As soon as Trelawney Hope leaves the room, the Prime Minister expresses doubts about the letter having been in the despatch box all the time. Holmes, however, refuses to tell the Prime Minister anything more about the matter.


The story was adapted as the sixth and final episode of the BBC TV series Sherlock Holmes in which Alan Wheatley played the title character. The episode was first broadcast in the United Kingdom on November 22, 1951.

"The Second Stain" was the title of the first episode of the BBC TV series Sherlock Holmes which starred Peter Cushing as the famous detective. It was first shown on British television on September 9, 1968. The episode is now lost.

The fourth episode of the Granada TV series The Return of Sherlock Holmes, starring Jeremy Brett, is an adaptation of the story. The episode first aired in the United Kingdom on the ITV network on July 23, 1986.

The TV movie Sherlock Holmes and Dr.
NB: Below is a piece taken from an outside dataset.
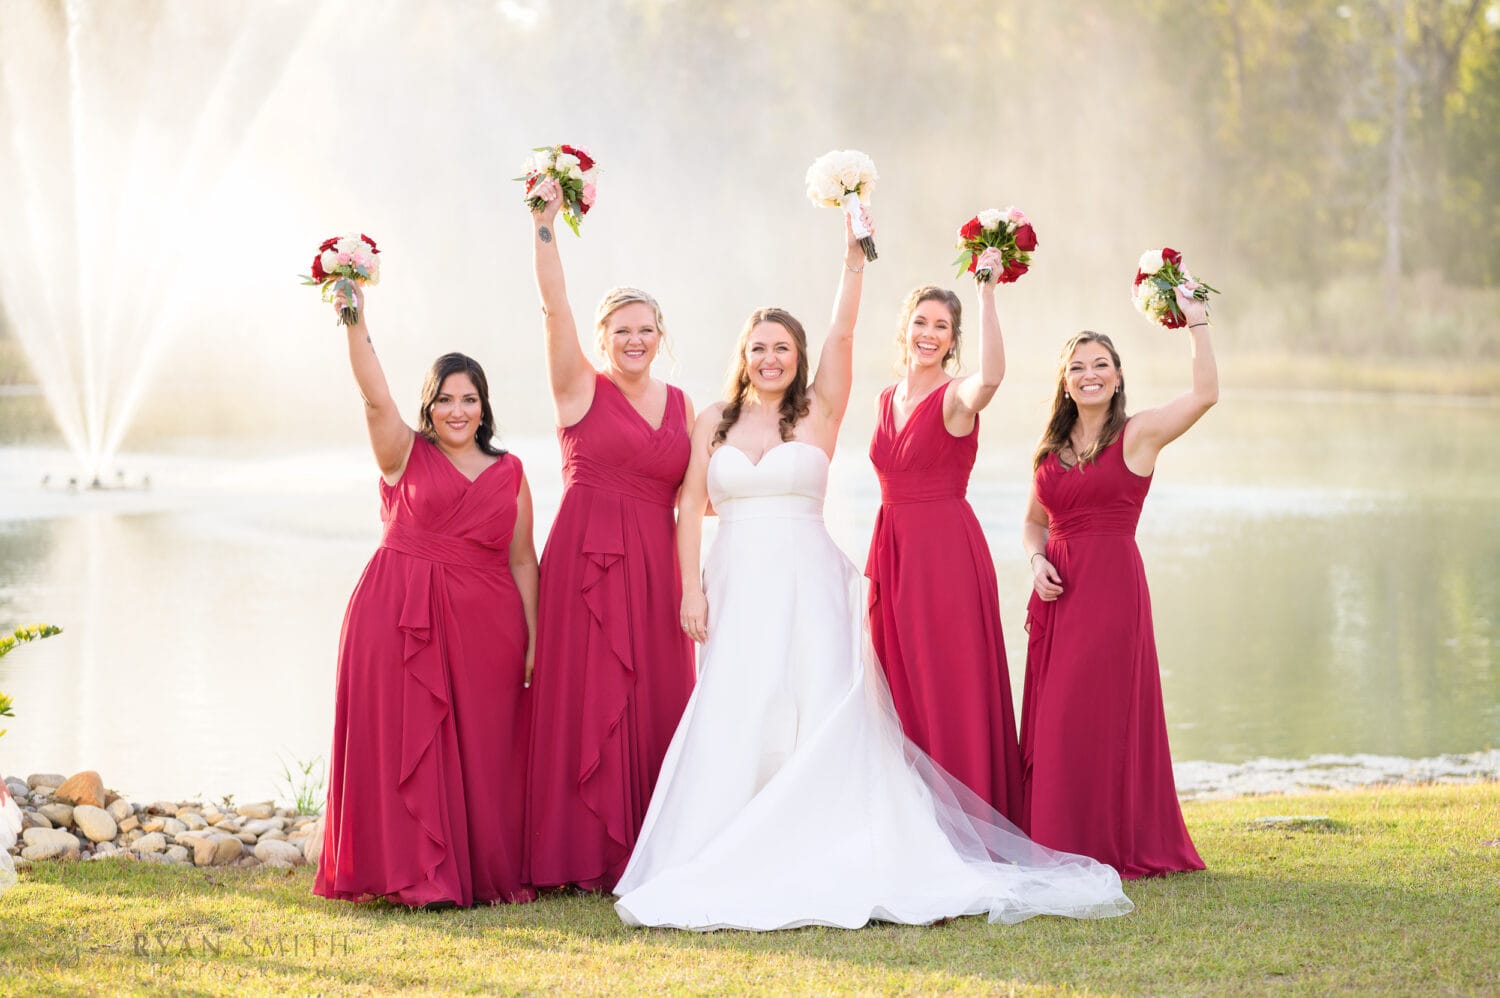 Bridesmaids holding flowers in the air - The Venue at White Oaks Farm

Watson - The Twentieth Century Approaches, starring Vasily Livanov as Holmes and Vitali Solomin as Watson, which was first shown on television in the Soviet Union in 1986, is based on "The Adventure of the Second Stain", "The Adventure of the Engineer's Thumb", "The Adventure of the Bruce-Partington Plans" and "His Last Bow".
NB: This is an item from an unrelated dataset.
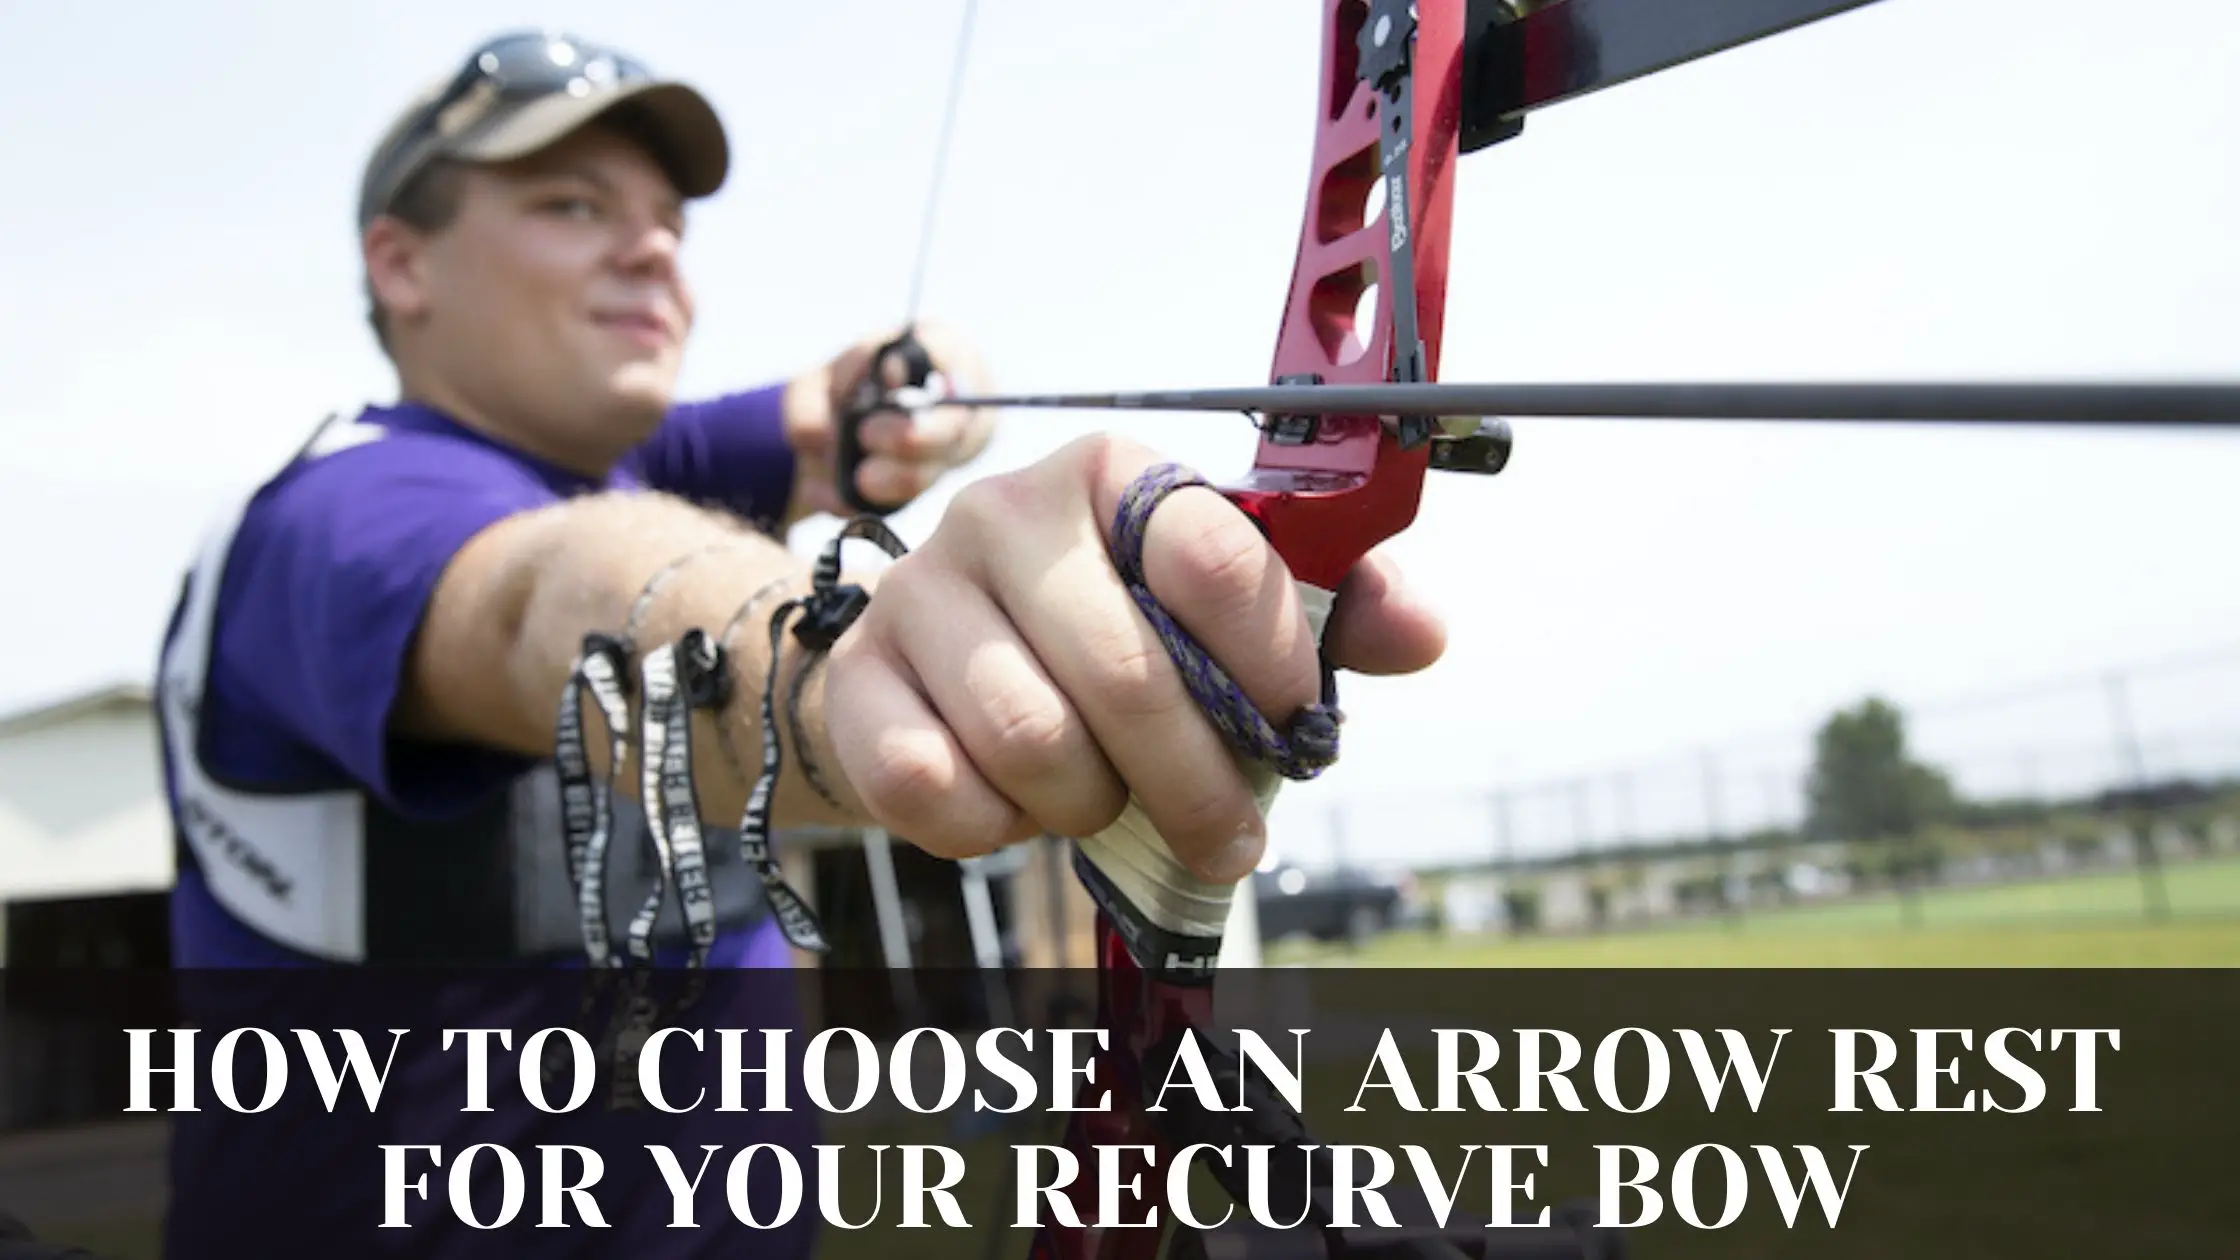 HOW TO CHOOSE AN ARROW REST FOR YOUR RECURVE BOW

  1. In the list of his twelve favorite Sherlock Holmes stories which Sir Arthur Conan Doyle compiled for The Strand in 1927, the author ranked "The Adventure of the Second Stain" as his eighth best, following "The Adventure of the Speckled Band", "The Red-Headed League", "The Adventure of the Dancing Men", "The Final Problem", "A Scandal in Bohemia', "The Adventure of the Empty House" and "The Five Orange Pips".
  2. Spies called Oberstein and La Rothiere are also referred to in the 1905 Sherlock Holmes story "The Adventure of the Bruce-Partington Plans".